■ INSTRUCTIONS TO FOLLOW ■
Retype, exactly and completely, the listing that comes next, skipping its images.

■ MATERIAL PROVIDED ■
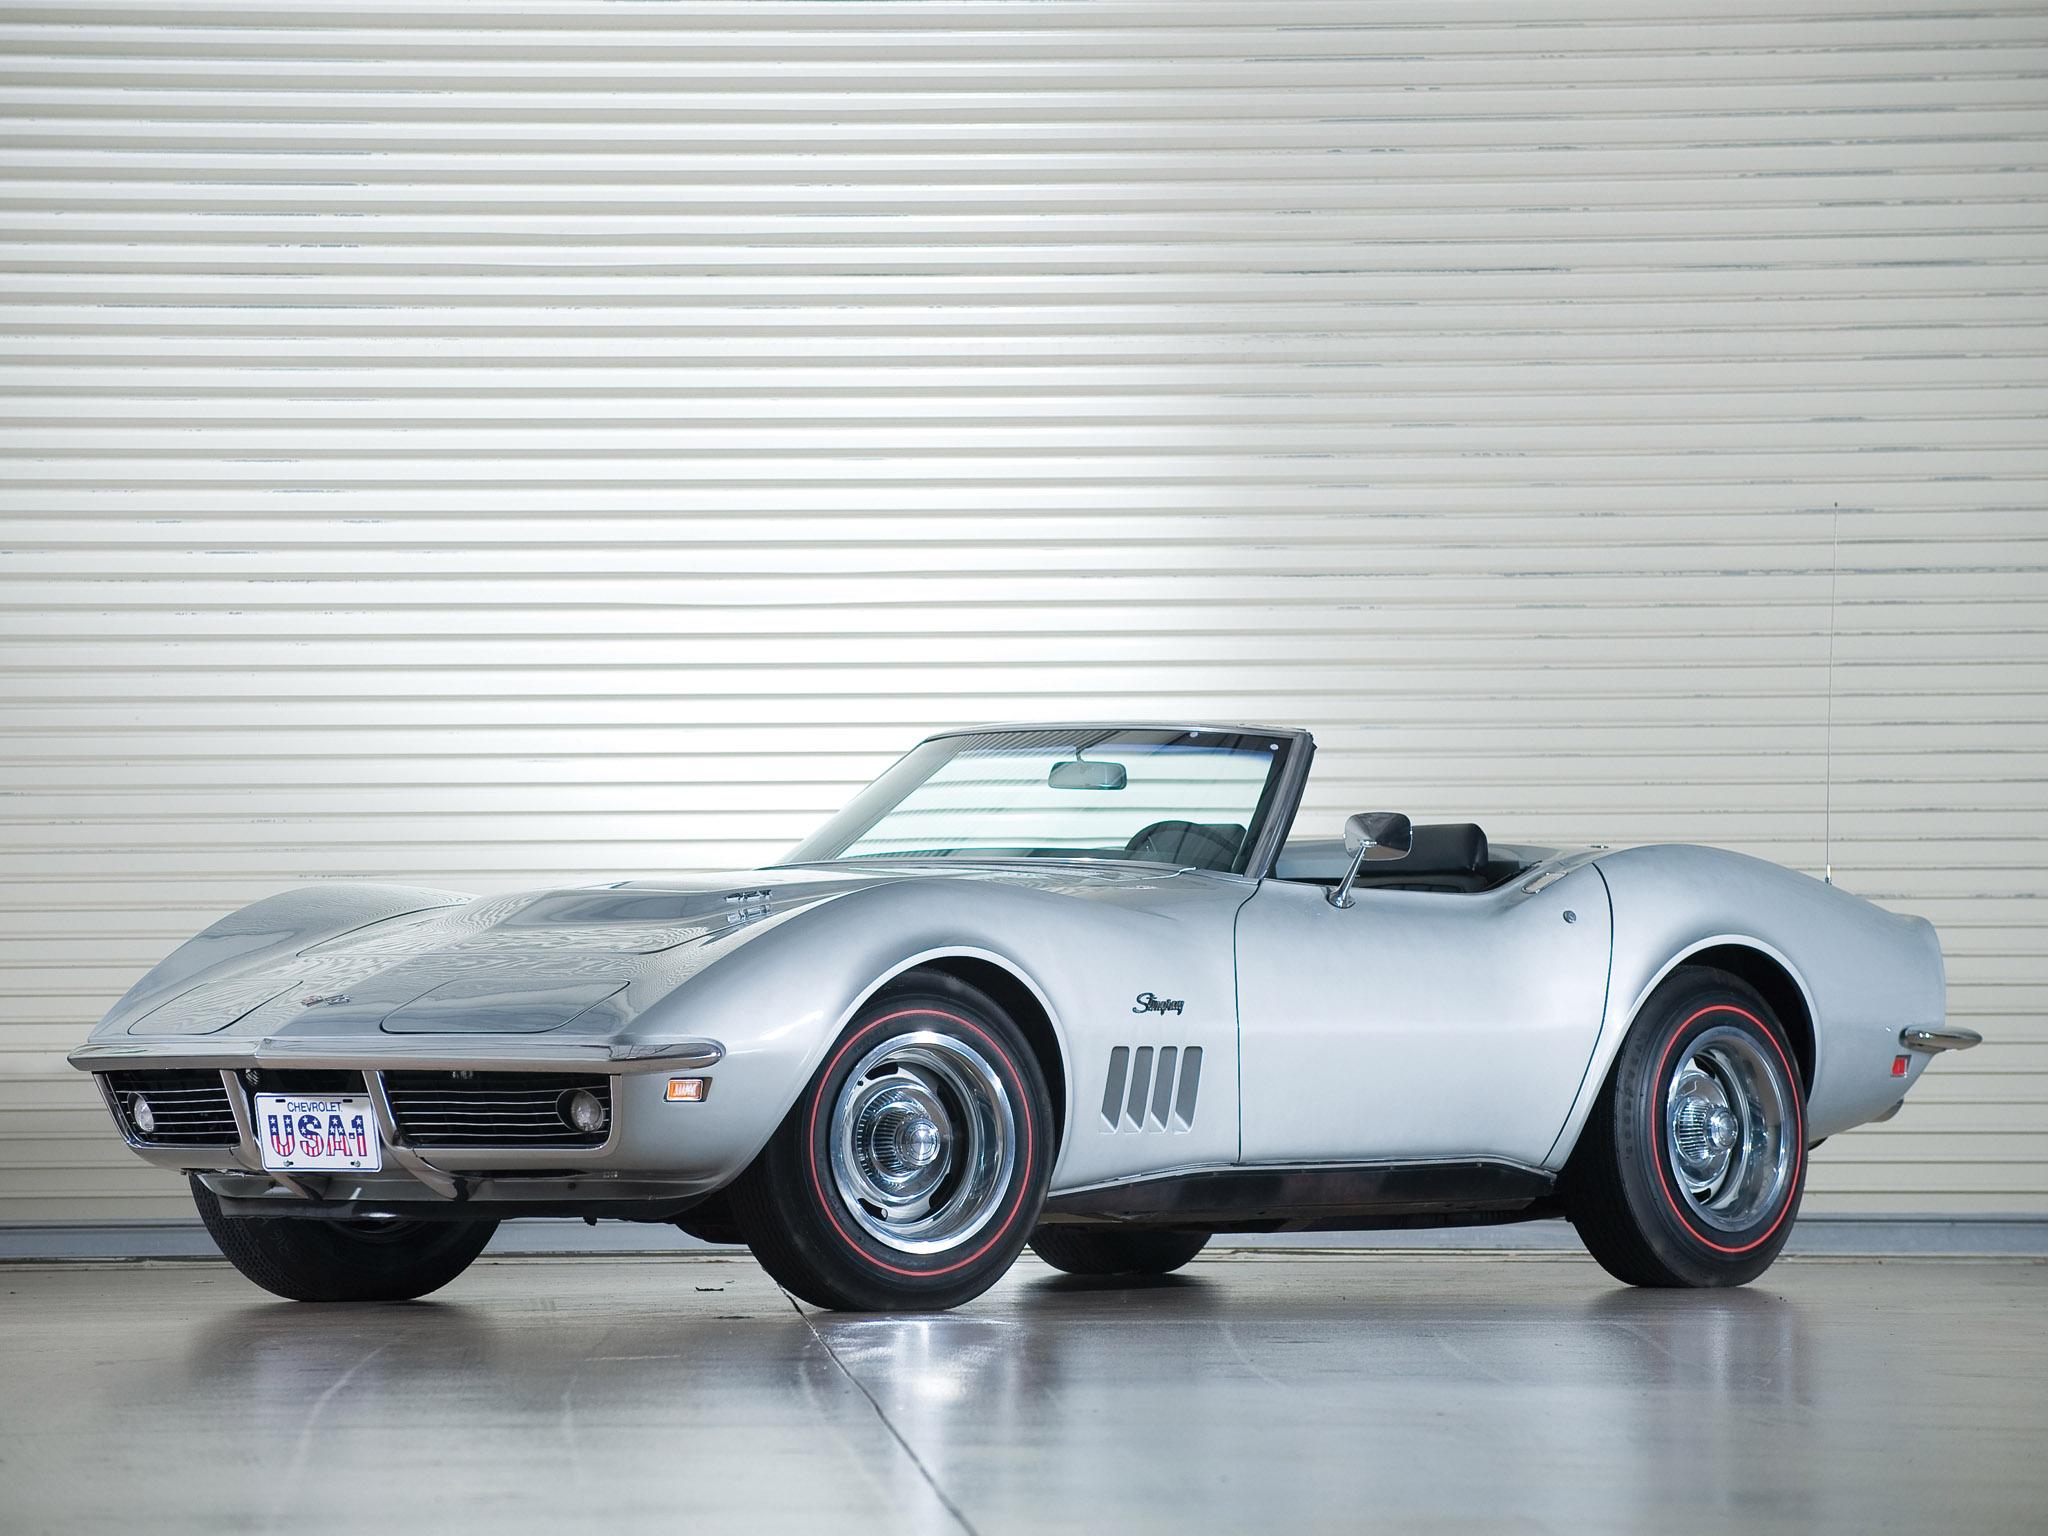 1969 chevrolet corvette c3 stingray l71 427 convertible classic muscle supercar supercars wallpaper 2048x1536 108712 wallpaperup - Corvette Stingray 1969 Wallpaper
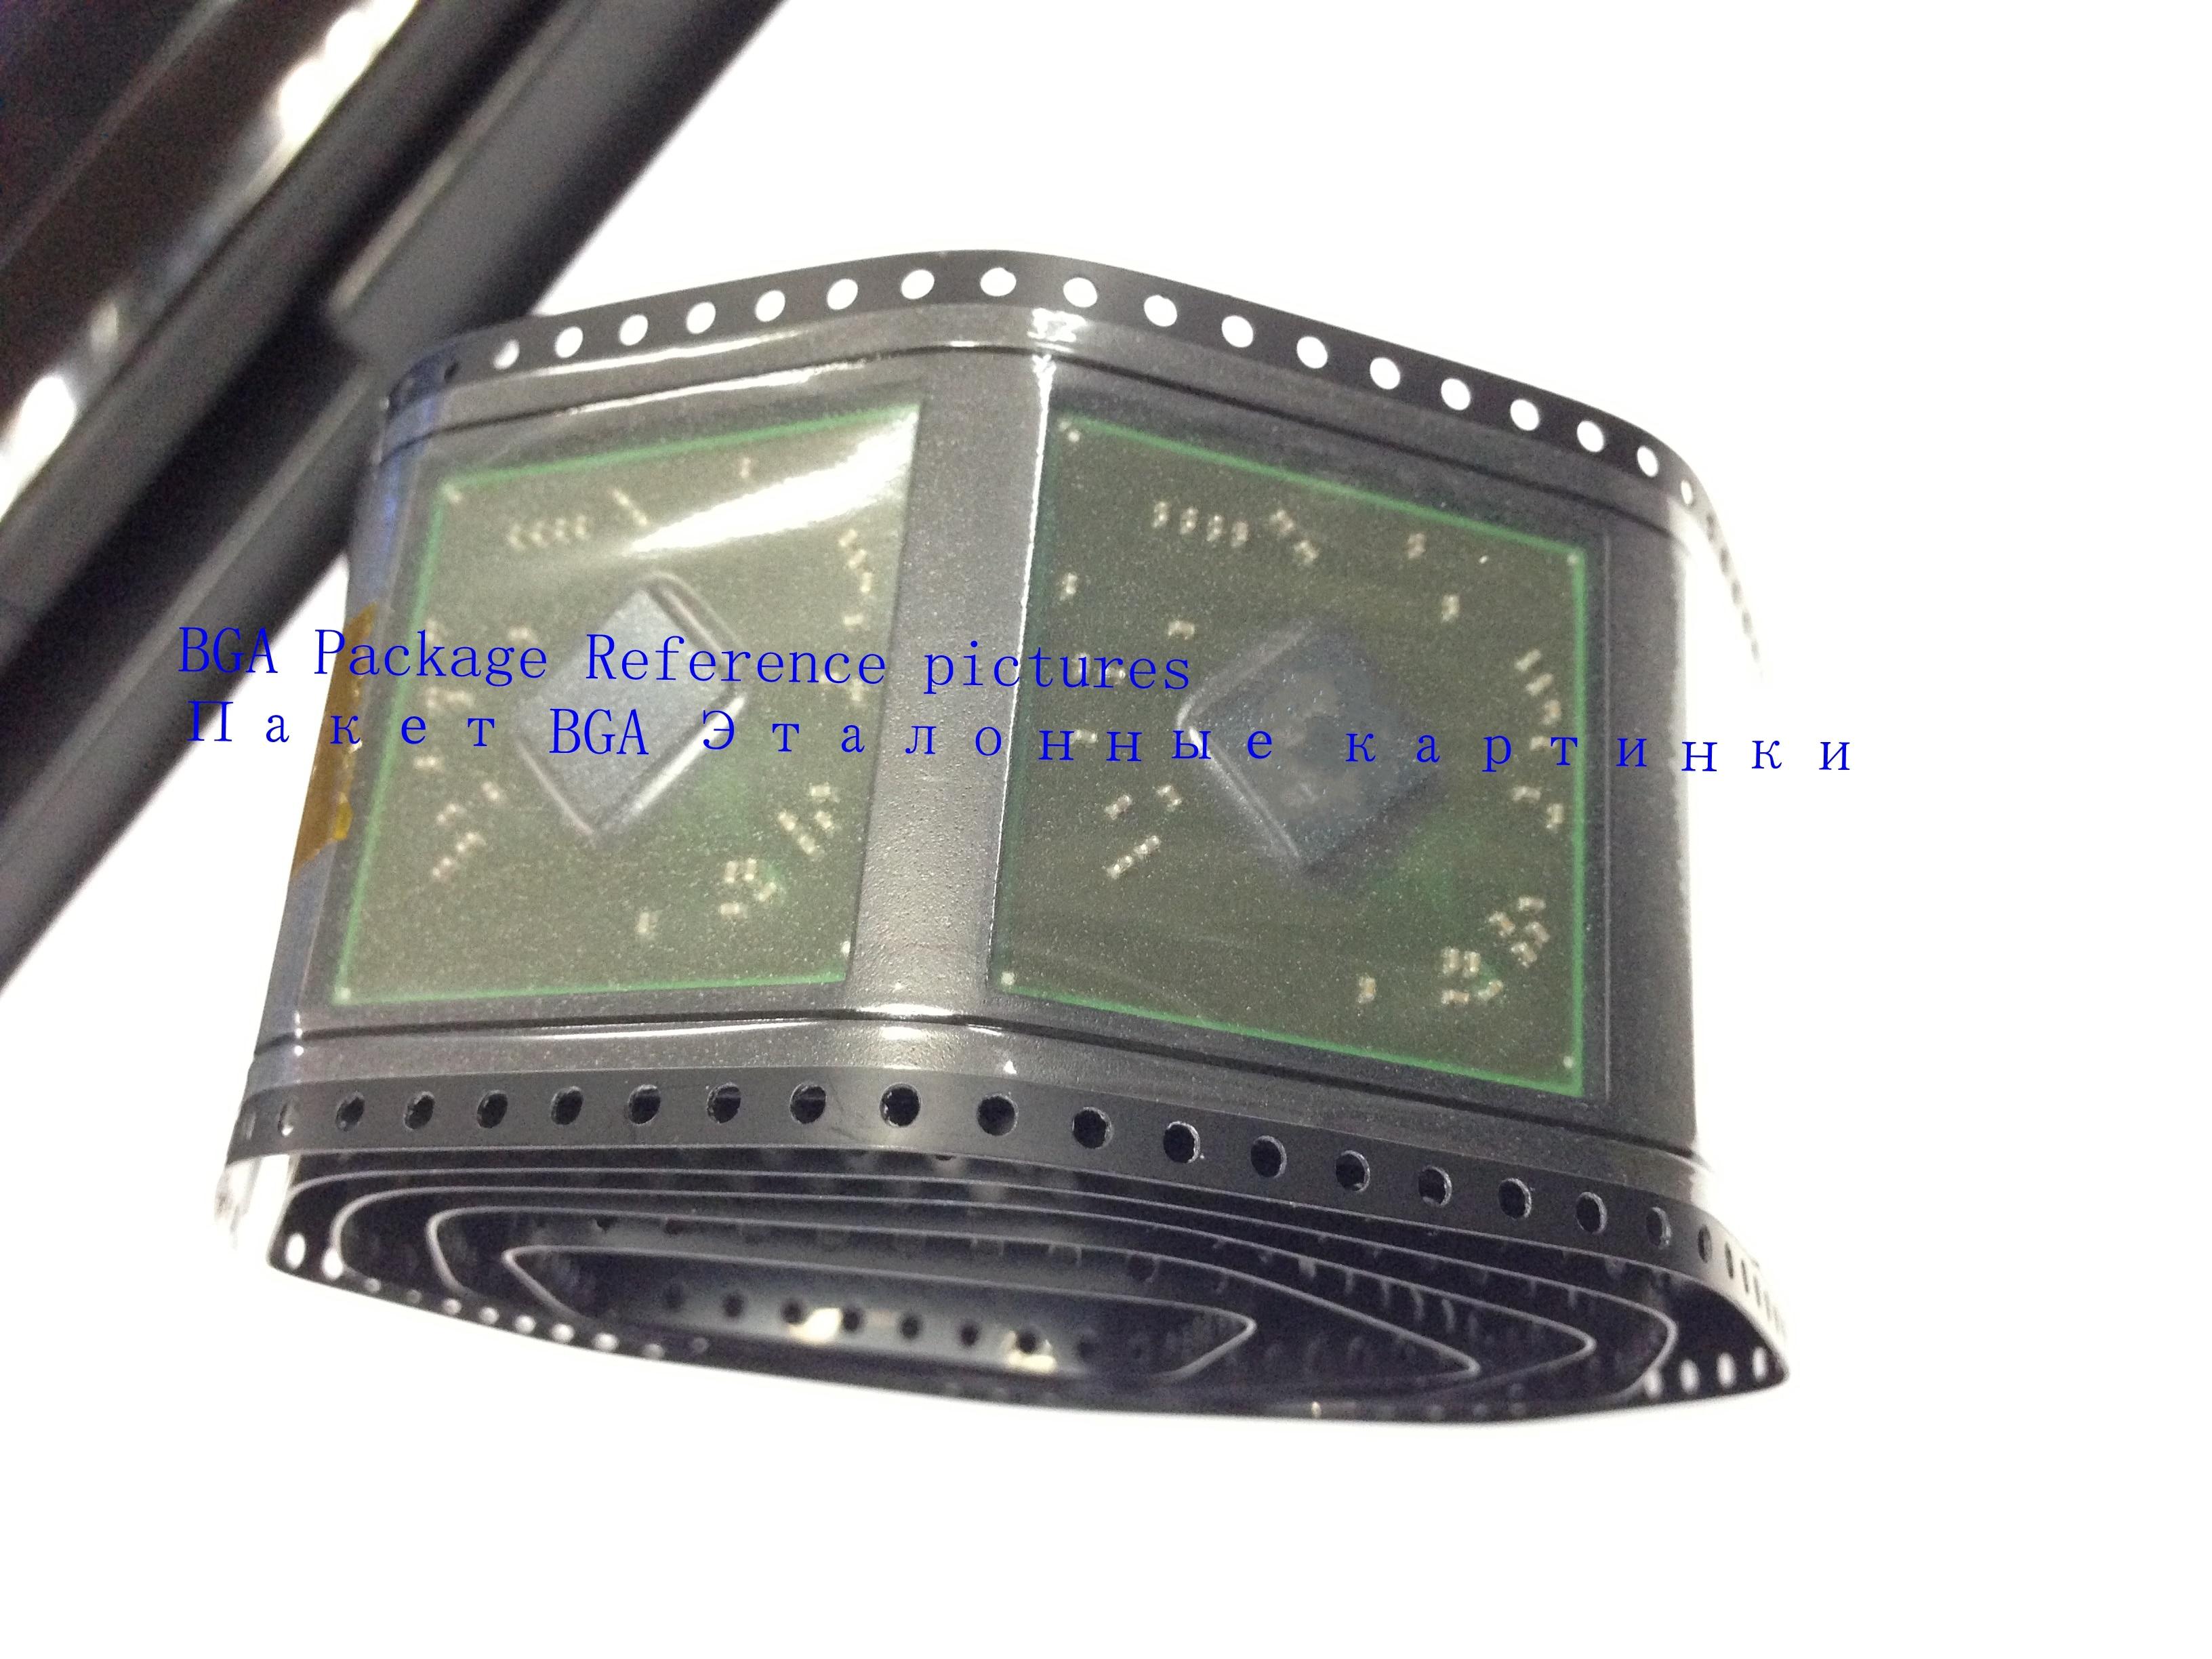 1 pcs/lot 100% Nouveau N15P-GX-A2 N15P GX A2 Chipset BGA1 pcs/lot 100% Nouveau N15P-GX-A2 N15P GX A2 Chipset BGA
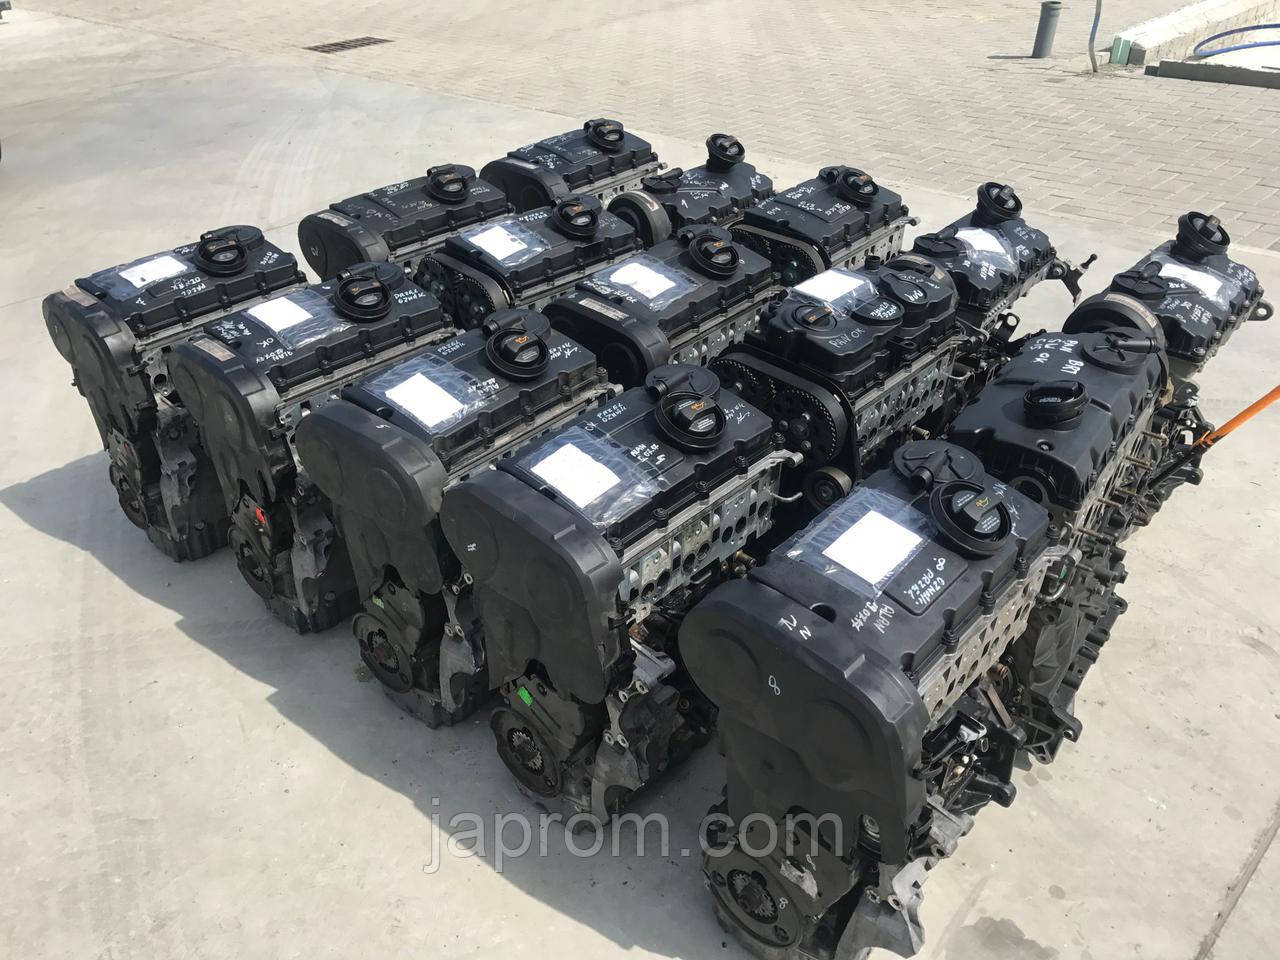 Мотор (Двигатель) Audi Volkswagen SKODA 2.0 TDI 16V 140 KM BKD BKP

■ REPLY TO THE TASK ■
 1969 chevrolet corvette c3 stingray l71 427 convertible classic muscle supercar supercars wallpaper 2048x1536 108712 wallpaperup - Corvette Stingray 1969 Wallpaper
 1 pcs/lot 100% Nouveau N15P-GX-A2 N15P GX A2 Chipset BGA1 pcs/lot 100% Nouveau N15P-GX-A2 N15P GX A2 Chipset BGA
 Мотор (Двигатель) Audi Volkswagen SKODA 2.0 TDI 16V 140 KM BKD BKP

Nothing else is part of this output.